MATERIAL PROVIDED:
--------------------

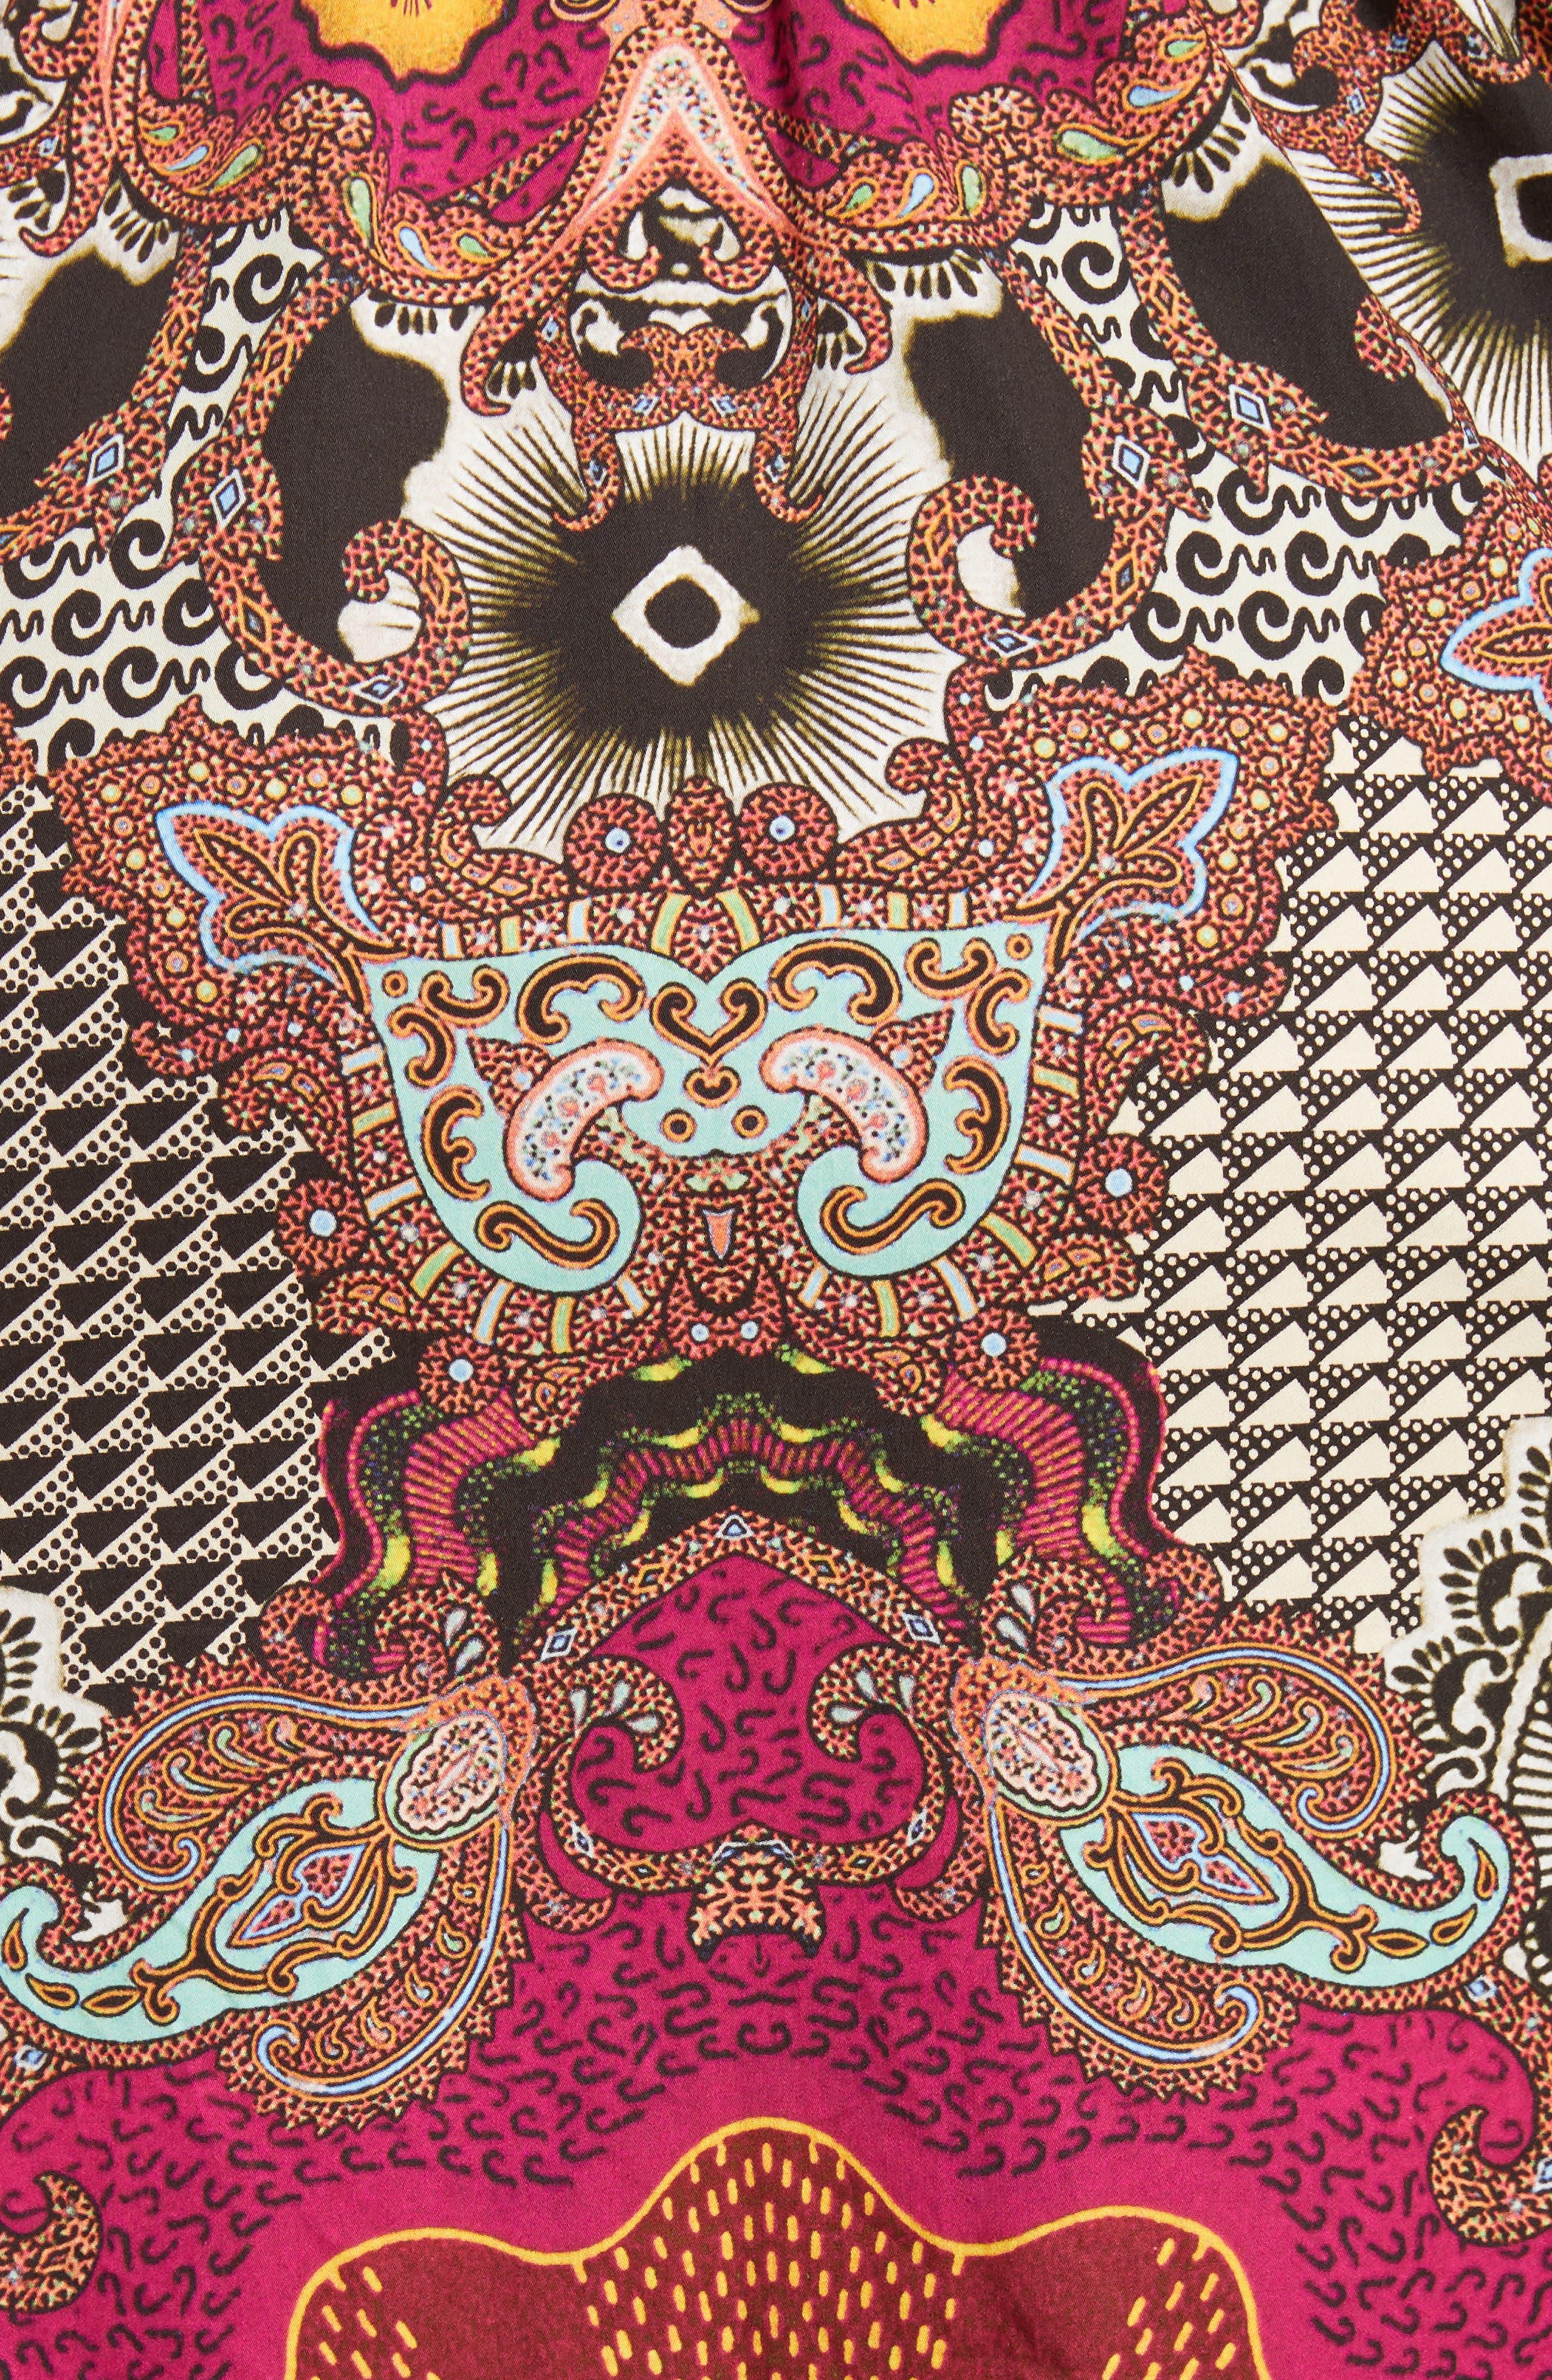 Jungle Paisley Print Cotton Dress,                             Alternate thumbnail 6, color,                             Black
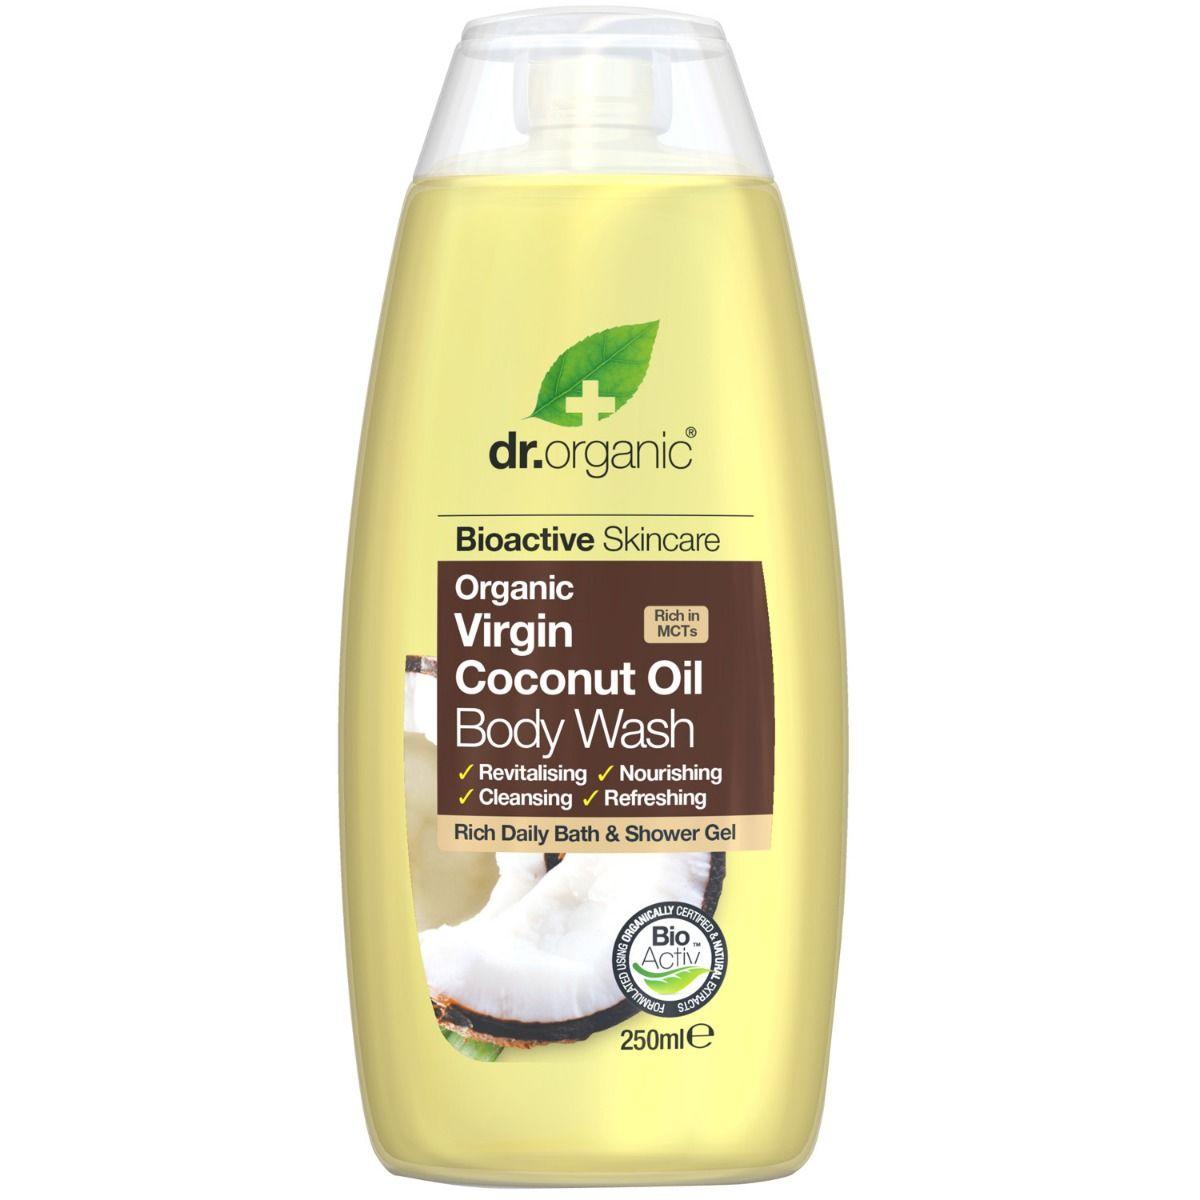 dr Organic Virgin Coconut Oil Body Wash, 250 ml
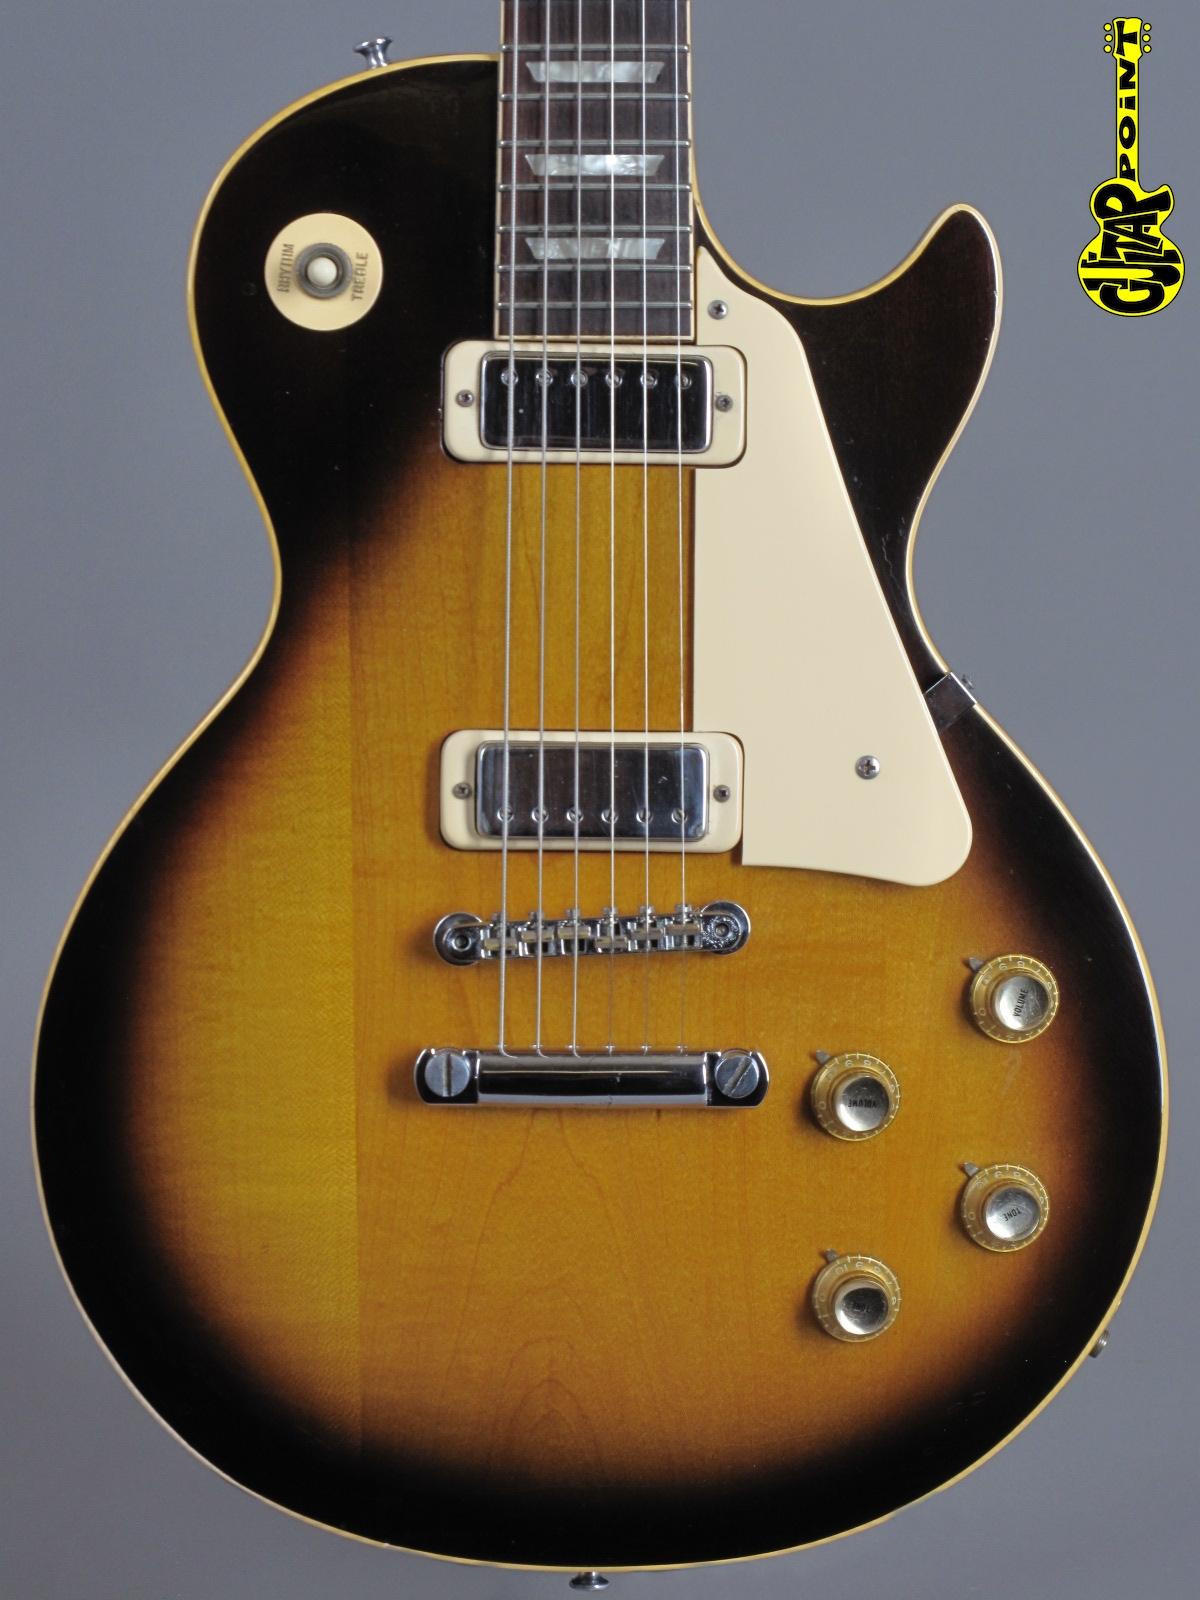 1974 Gibson Les Paul Deluxe - Tobacco Sunburst

--------------------

GOAL OF THE EXERCISE: What is needed here is an exact transcript of the data above, pictures excluded.

REPLY:
 Jungle Paisley Print Cotton Dress,                             Alternate thumbnail 6, color,                             Black
 dr Organic Virgin Coconut Oil Body Wash, 250 ml
 1974 Gibson Les Paul Deluxe - Tobacco Sunburst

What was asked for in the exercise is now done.